When I talk about this with my friends, I always say I don’t think there are any good answers for these questions. That doesn’t help my friends but, in fact, a recent article confirms that there aren’t good answers for how raise kids during the Covid-19 pandemic.

Covid-19 doesn’t cause many deaths or even symptomatic cases in children and that’s a double-edged sword. The good news is that it’s highly unlikely your kid is going to get sick, let alone die. The bad news is that, since it’s highly unlikely, no one is studying it. Well, there are a few studies, but not enough to provide good guidance to parents.

What’s worse is that the real world results are all over the map, as it were.

Denmark reopened schools in mid-April, without serious disruptions. But when classes resumed in Israel in May, infections among children and teachers flared. In China, where a cluster of cases in Beijing has everyone on edge, authorities moved quickly this week to preemptively close schools.

Stat, “How likely are kids to get Covid-19? Scientists see a ‘huge puzzle’ without easy answers,” 18 June 2020.

I wish my friends and all other parents the best of luck! Right now, there are no right answers.

The other topic I want to cover quickly is masks. I am a convert on this topic because the information changed and because the expert recommendations changed. Not everyone is a convert, however. In the US, masks unfortunately have become yet another partisan symbol.

American and United both started requiring masks on their flights this week. A conservative pundit delayed the departure of a flight yesterday, claiming he couldn’t be forced to wear a mask. He was removed from the flight, put on a later flight on which he did not wear a mask, and now he is banned from the airline.
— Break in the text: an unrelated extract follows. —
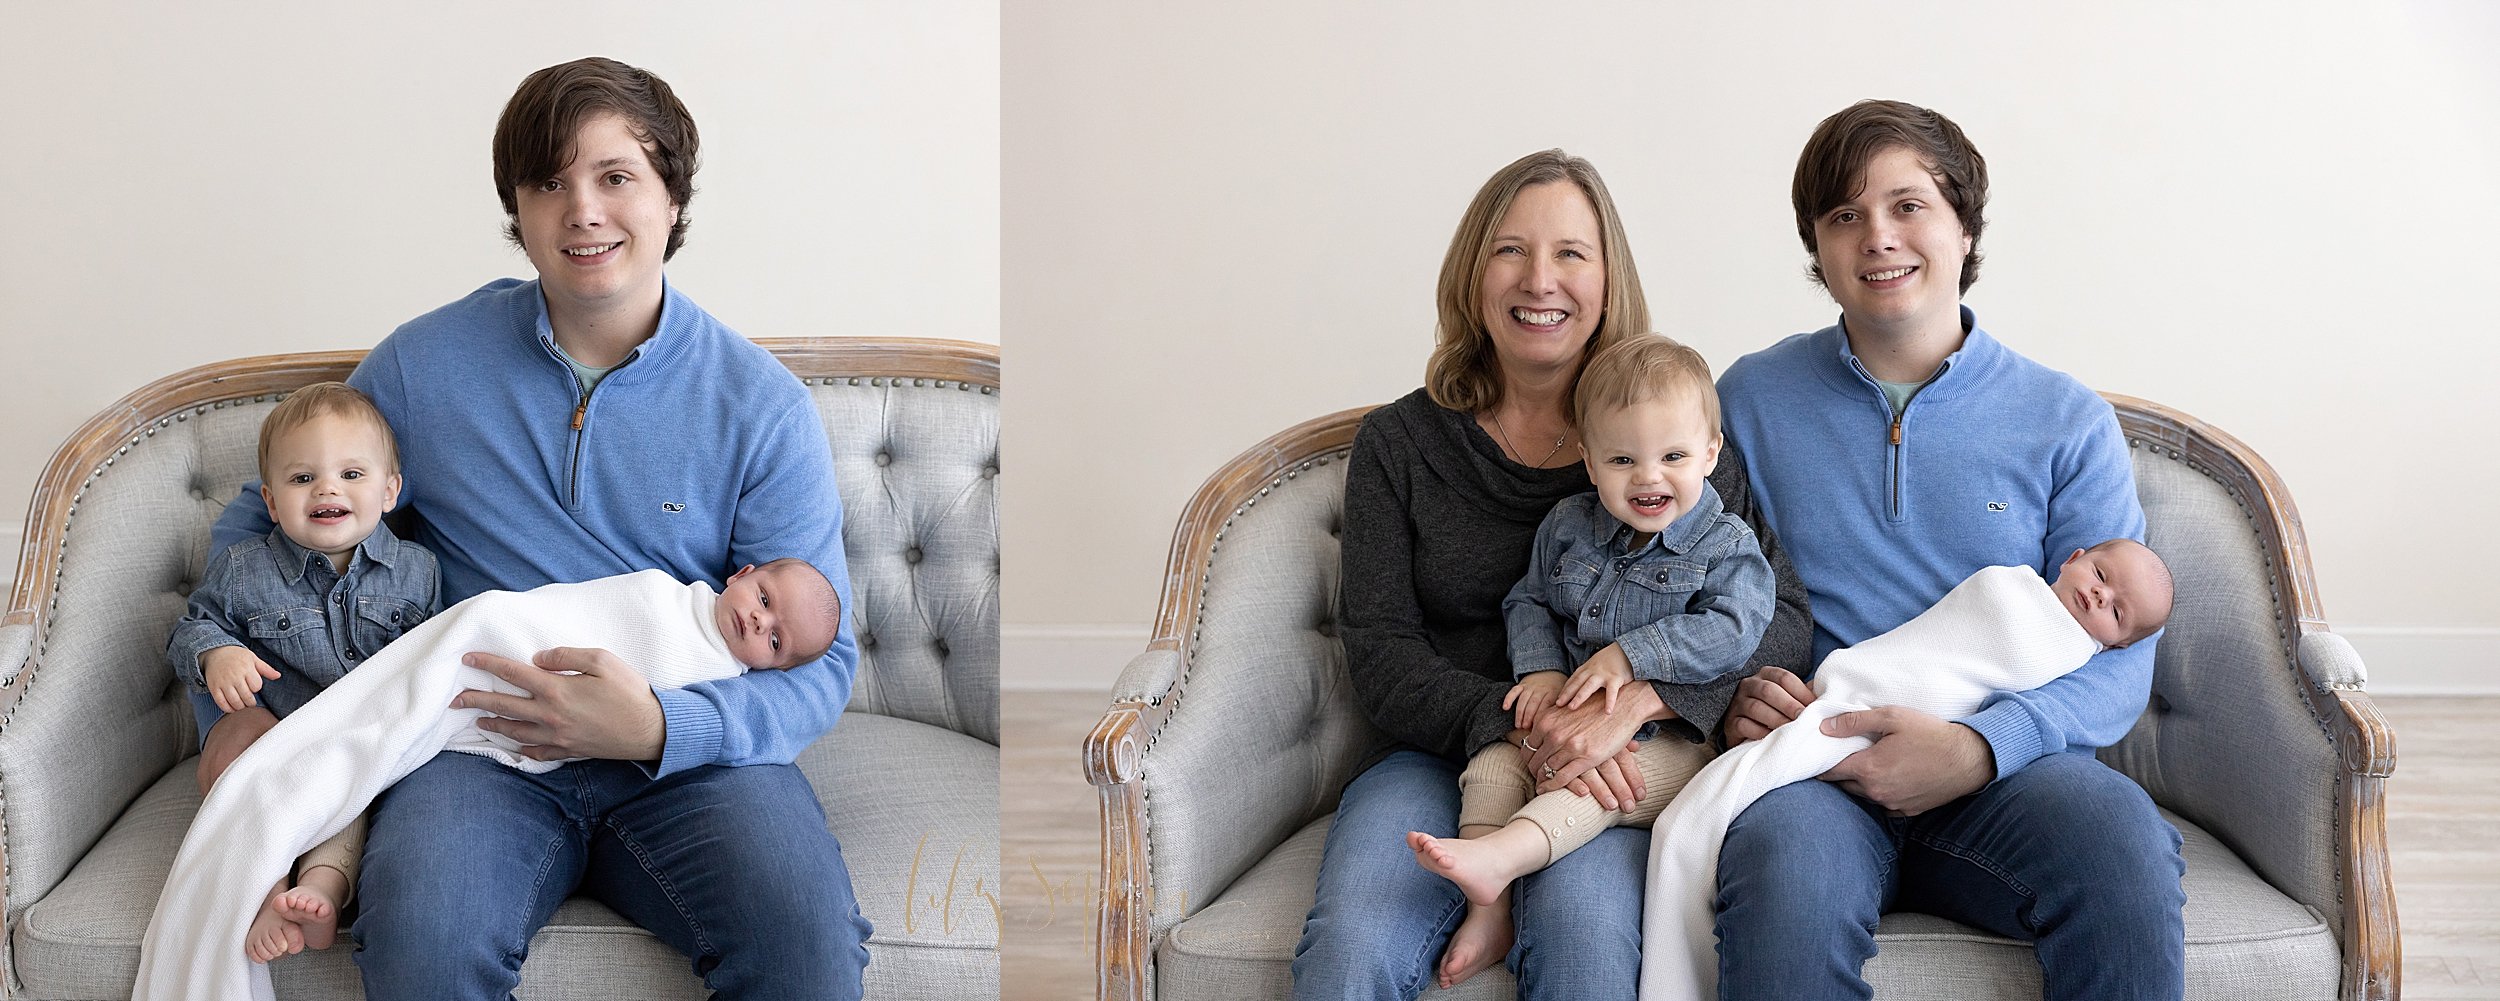  Split-image newborn photo of a father holding his awake newborn son on his lap while holding his young son next to him on his right side as they sit on a tufted sofa and an intergenerational photo of a father with his two sons and his mother sitting

In California, Governor Newsom ordered mandatory masks throughout the state. The Orange County sheriff, who refused to enforce the county’s mandatory mask order, also refuses to enforce Newsom’s order.

But masks seem to be working. Public health officials were concerned that the large BLM protests over George Floyd’s murder would create a spike in Covid-19 infections. Those spikes should have shown up by now.

The absence of surges in the cities with massive demonstrations but few other large gatherings has taken many officials and health analysts by surprise. However, as they’ve examined the data and the video footage, one thing has clarified matters, to an extent: A large percentage of the protesters wore masks.

Slate, “It Doesn’t Look Like the Protests Are Causing a COVID-19 Spike,” 17 June 2020.

So the question for Trump’s Tulsa rally tomorrow is: will Trump supporters wear masks? I hope they do, but if they make it a partisan issue, it also becomes a kind of Darwinian issue, too.